The sense of moral outrage provoked by the Pay As You Earn (PAYE) debacle probably has some way to play; this is hardly surprising, given the jumbled mix of apathy and blundering displayed by those at the top of HM Revenue & Customs. To start, its failings were dressed up as the taxpayer’s responsibility; but since the initial announcements, they have been forced to issue a flurry of back-pedalling clarifications that have probably only served to muddy the waters for the harassed taxpayer.
But, putting aside justifiable indignation, what redress does the aggrieved UK taxpayer have, once the dreaded brown envelope has hit the doormat?

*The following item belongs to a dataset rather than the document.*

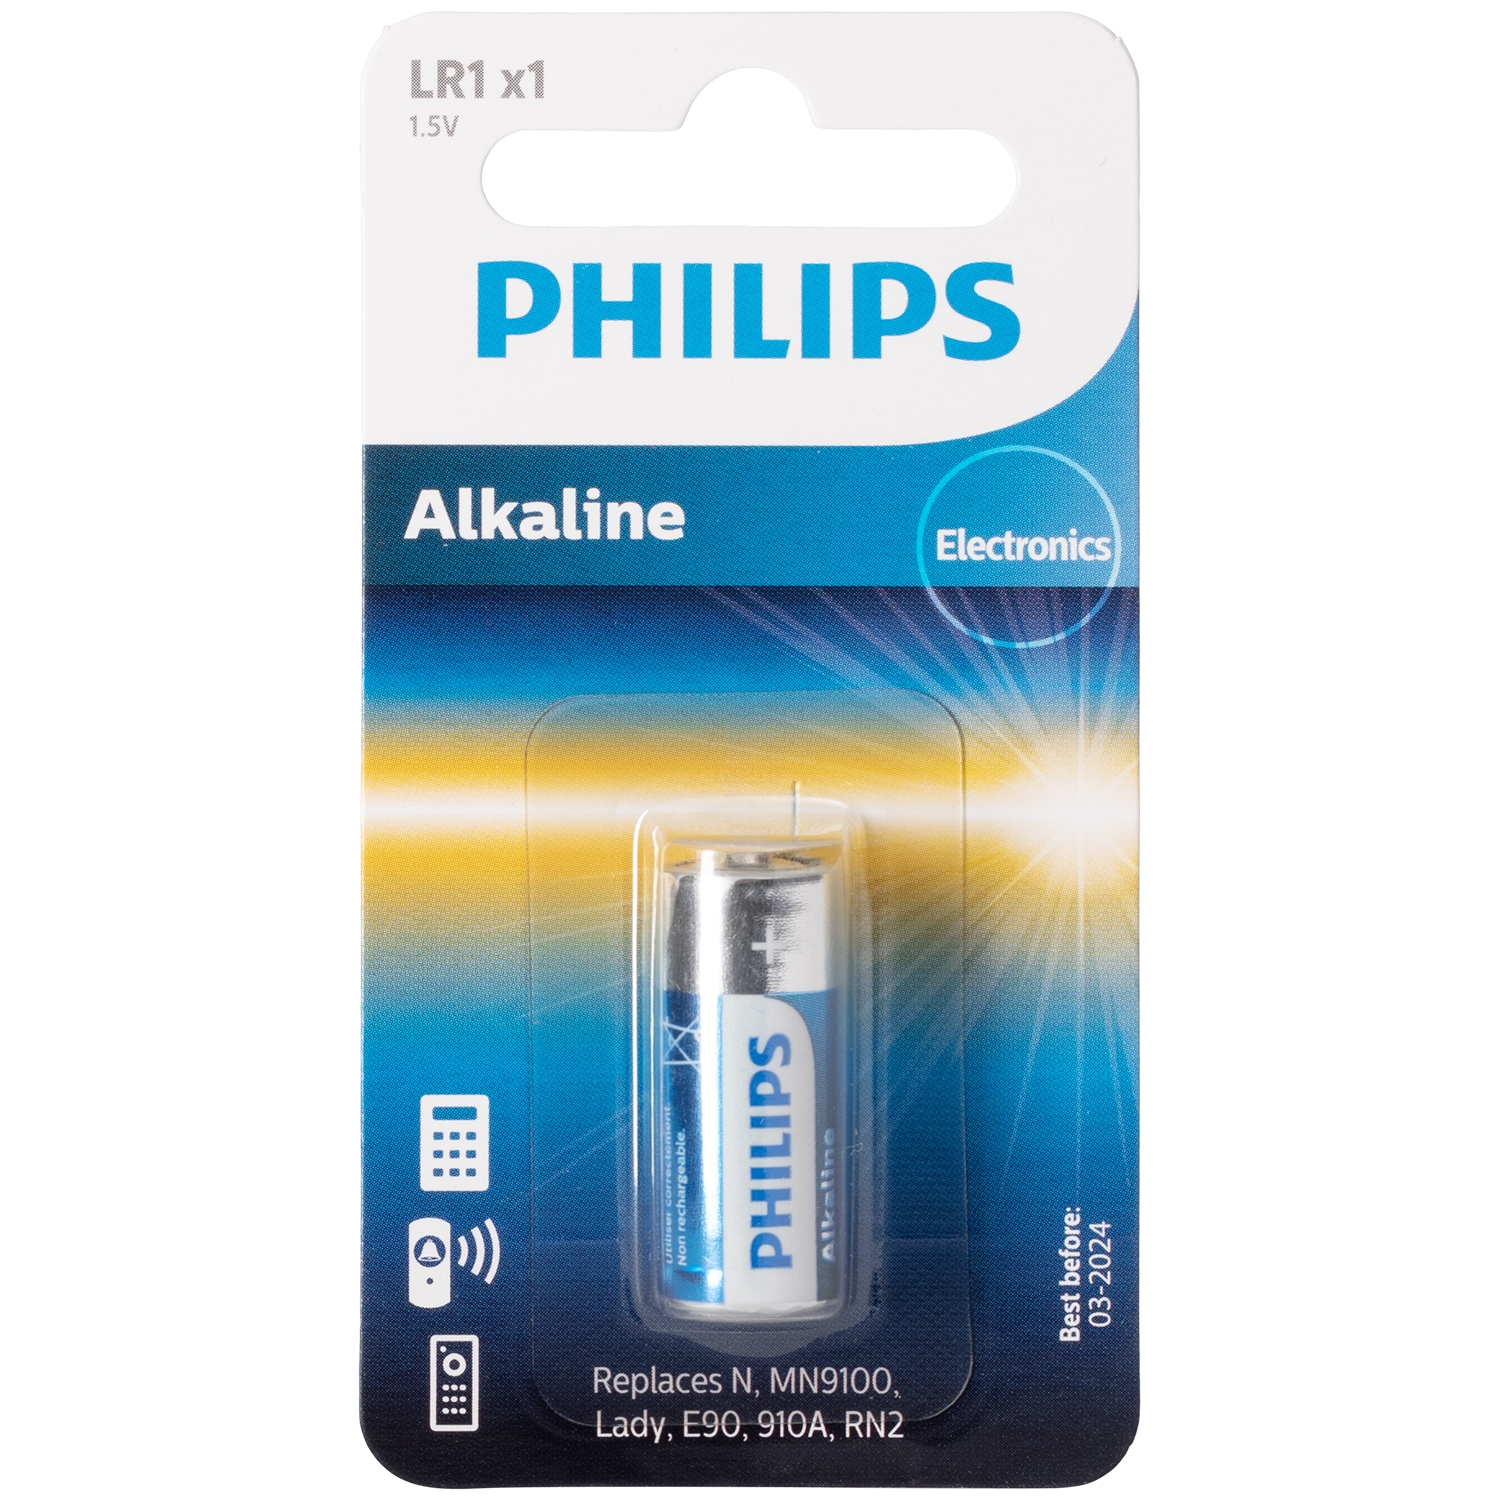 Philips Philips Alkaline LR1 1.5V Batteri

Self-assessment by stealth
First, it is worth taking a step back to look at the origins of the present crisis; the source of the problem isn’t the new IT system per se, but a legacy going back more than a decade. From the inception of PAYE, up until the introduction of self-assessment in 1995, automatic annual reviews of the income tax situation of each taxpayer were undertaken. This usefully served to prevent a large build-up of underpayments or overpayments for individual taxpayers.
But after 1995, these automatic reviews were dropped—each taxpayer was considered to have the option of self-assessment to precisely define their tax obligation, if they so wished. This conveniently cut costs at the then Inland Revenue. However, the salient point about PAYE is that it is a payment on account of tax liabilities; it is not a final arbiter of the actual tax due.
PAYE is the wrong vehicle for finally calculating tax due for the current tax year—because the information required to do so is not immediately available. Add in the potential for individuals having varied income sources, from employment, self-employment or pensions, and it’s obvious, however convenient, that PAYE is only a provisional tax estimate.
The problem is that no one, not HMRC and certainly not politicians, has made this point to the taxpaying public at large. Because PAYE has always been a background calculation done by a third party (the employee or pension fund), the taxpayer has all too readily assumed it to be a proper tax calculation. This may have worked reasonably well for a world of simple employment. But multiple incomes, multiple pension providers and more rapid employment changes are increasingly the norm.
Any inaccurate or outdated information can then readily produce incorrect PAYE tax codes. This fact was conveniently swept under the carpet for the last decade, hidden by the multiplicity of systems at HMRC. Unfortunately, the recent rationalisation of IT systems has brought the issue back into the spotlight, and a government struggling with unprecedented cuts in public spending is finding it difficult to sweep £2 billion of lost income back under the carpet.
Hardest hit to be hit hardest?
So where does this leave the newly indebted taxpayer? The bad news is that the scope for redress is limited to that provided within the system by HMRC itself. Under pressure from an angry public, HMRC has waived the debt for those owing less than £300. For those with an underpayment from £300 to £2,000, the payment back will typically be handled under the PAYE system. The debt will be paid back over the next tax year, 2011/12, from the PAYE income. Cases of hardship can be assessed, on merit, by HMRC, which may allow that period to be extended to up to three years.
But for those owing more than £2,000, PAYE collection is not an option—an immediate payment may be expected. Once again a plea of hardship may allow an extension, and self-assessment-based repayment may be arranged in some circumstances. Then the taxpayer has three months to send back the self-assessment return, and three months and seven days, from the issue of the tax return, to pay the arrears.
In all cases, there is also the possibility of having one’s tax arrears written off under an existing clause, the Extra Statutory Concession, or A19. This covers situations when the underpayment of income tax is due to HMRC delaying to use timely information supplied by an individual.
A19 usually applies to underpayments for tax years ending more than 12 months previously—so it is of no use for those with tax owing only in 2009/10. But if tax is owing for 2008/09, and is due to the delayed use of properly received information, then HMRC may be expected to write off the tax for all years where that error applied. Unfortunately HMRC has already flagged this get-out clause as being a high hurdle to clear—prospects for many being able to leap it do not seem great.
These arrangements can only be seen as extremely arbitrary; those facing the largest debts have the harshest repayment terms. But they are, unfortunately, not new—they are the implementation of existing tax rules, backed by relevant legislation. As a result, the scope for legal recourse appears limited; the only option may be for further concessions to be wrung from HMRC courtesy of political pressure.
Expect the temperature of moral outrage to continue rising during the coming autumn.